Market Share & Ranking
Leading market position in India's BTG segment with over 50% of the country's installed conventional power capacity.
Strategic Alliances
Joint Venture with Coal India Limited (CIL) for a coal gasification project (49% BHEL stake).
External Factors
Industry Trends
The industry is seeing a resurgence in thermal power (25 GW pipeline) alongside a shift toward green energy and net-zero goals by 2047. BHEL is positioning itself via 'Harit BHEL' and coal gasification.
Competitive Landscape
Dominant player in thermal; faces competition in renewables and international EPC from global engineering firms.
Competitive Moat
Moat consists of Maharatna status, 63.17% GoI ownership providing financial flexibility, and high technical entry barriers in the 800 MW BTG segment.

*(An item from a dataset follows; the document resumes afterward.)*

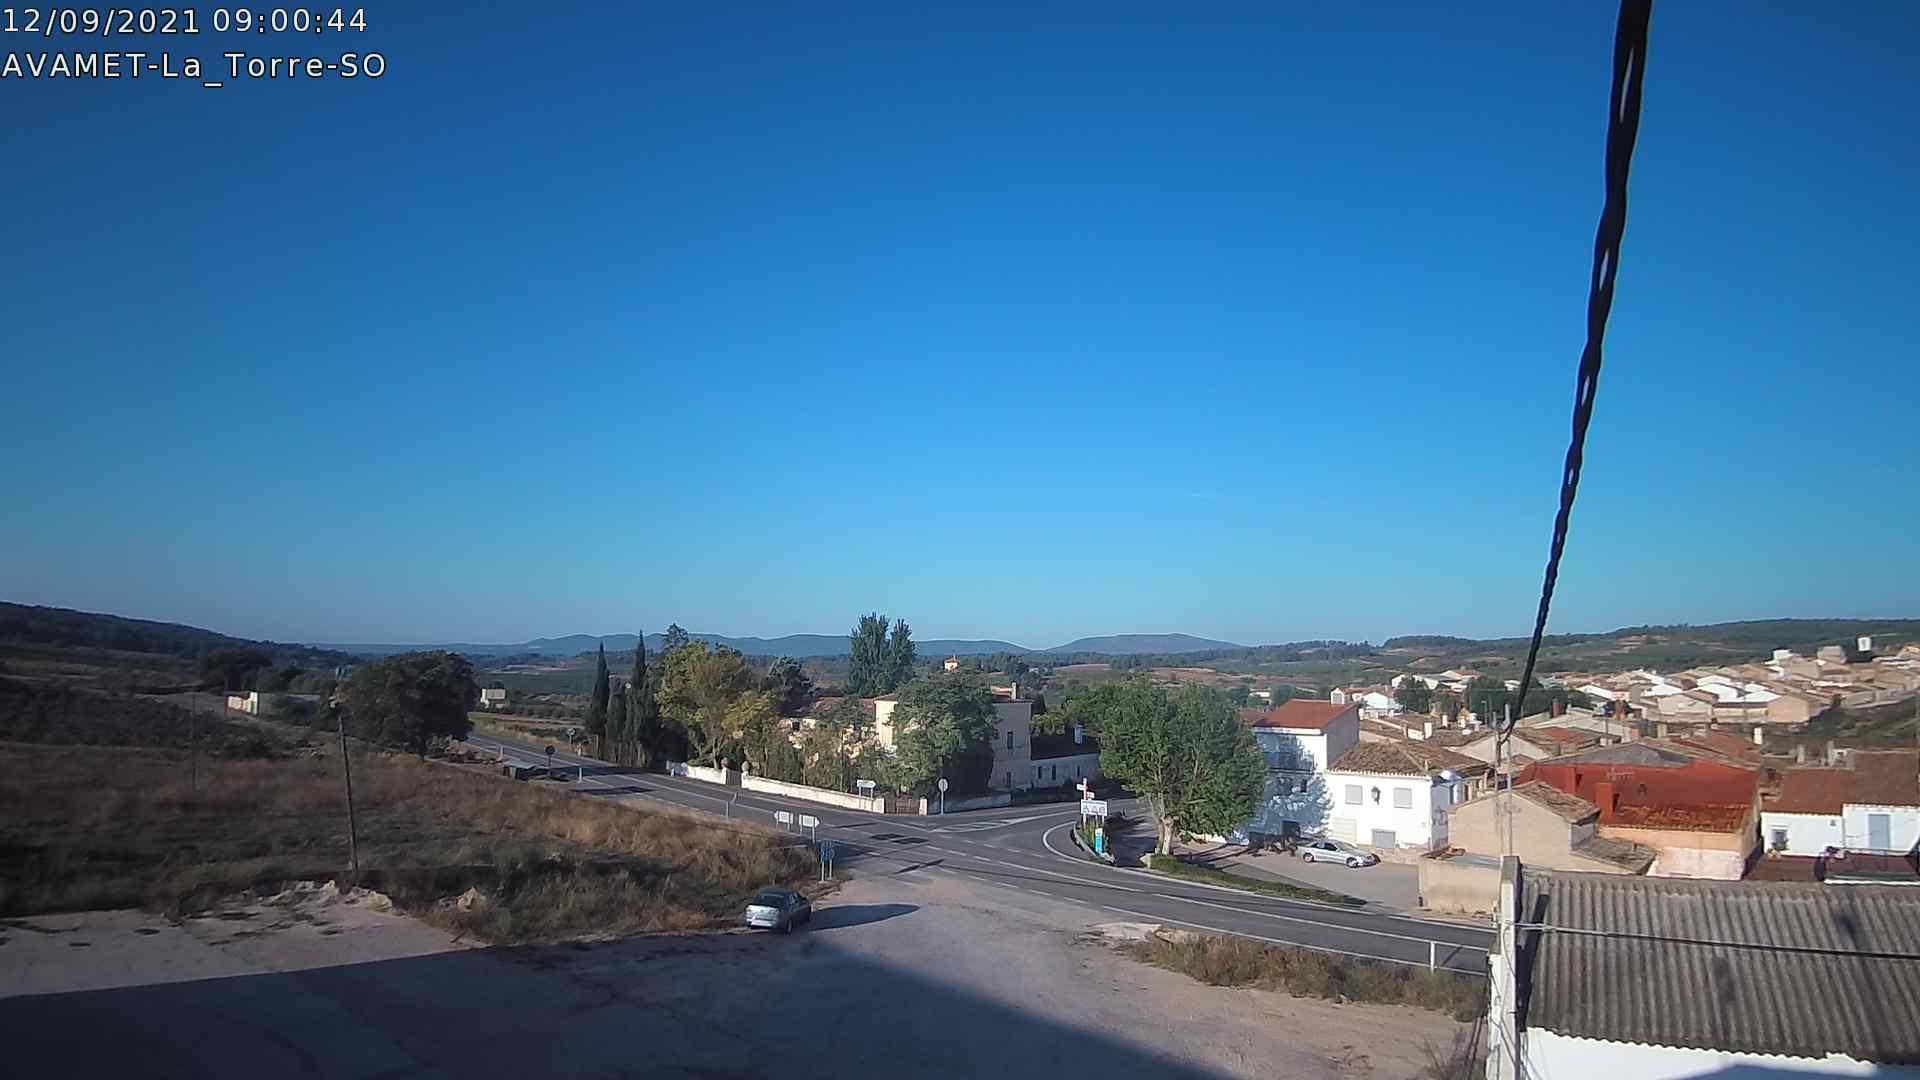 time-lapse frame, Coratxà AVAMET webcam

Sustainability is high due to the 6.9x order-book-to-revenue ratio.
Macro Economic Sensitivity
Highly sensitive to Government of India energy planning; the ordering of 25 GW thermal projects since FY23 is a primary growth driver.
Consumer Behavior
Shift in government policy toward reviving thermal power to meet base-load demand while simultaneously pursuing decarbonization.
Geopolitical Risks
Exposure to global supply chains for specialized components, though 'Atmanirbhar Bharat' initiatives aim to reduce this.
Regulatory & Governance
Industry Regulations
Subject to DPE Guidelines on Corporate Governance and SEBI Listing Regulations. Must comply with environmental standards for heavy manufacturing.
Environmental Compliance
Committed to Net Zero by 2047. Operates 21 effluent treatment plants and 19 sewage treatment plants.
Taxation Policy Impact
Not specifically disclosed; follows standard corporate tax rates for PSUs.
Legal Contingencies
BSE and NSE each imposed a fine of INR 5,42,800 (total INR 10.85 lakh) for non-compliance with Regulation 17(1) regarding Board composition (Independent Directors < 50%) for the quarter ending Sept 2025.
Risk Analysis
Key Uncertainties
Stretched working capital cycle (659 GCA days) and potential for cost overruns on legacy projects could impact margins by 2-3%.
Geographic Concentration Risk
Heavy concentration in the Indian domestic market, particularly with State and Central power utilities.
Third Party Dependencies
Dependency on the Government of India for director appointments and strategic direction.
Technology Obsolescence Risk
Mitigated by INR 662 Cr R&D spend and diversification into green hydrogen and coal gasification.
Credit & Counterparty Risk
Receivables and contract assets exceed INR 38,000 Cr. While 80% are PSUs, INR 8,650 Cr is owed by financially weaker state utilities.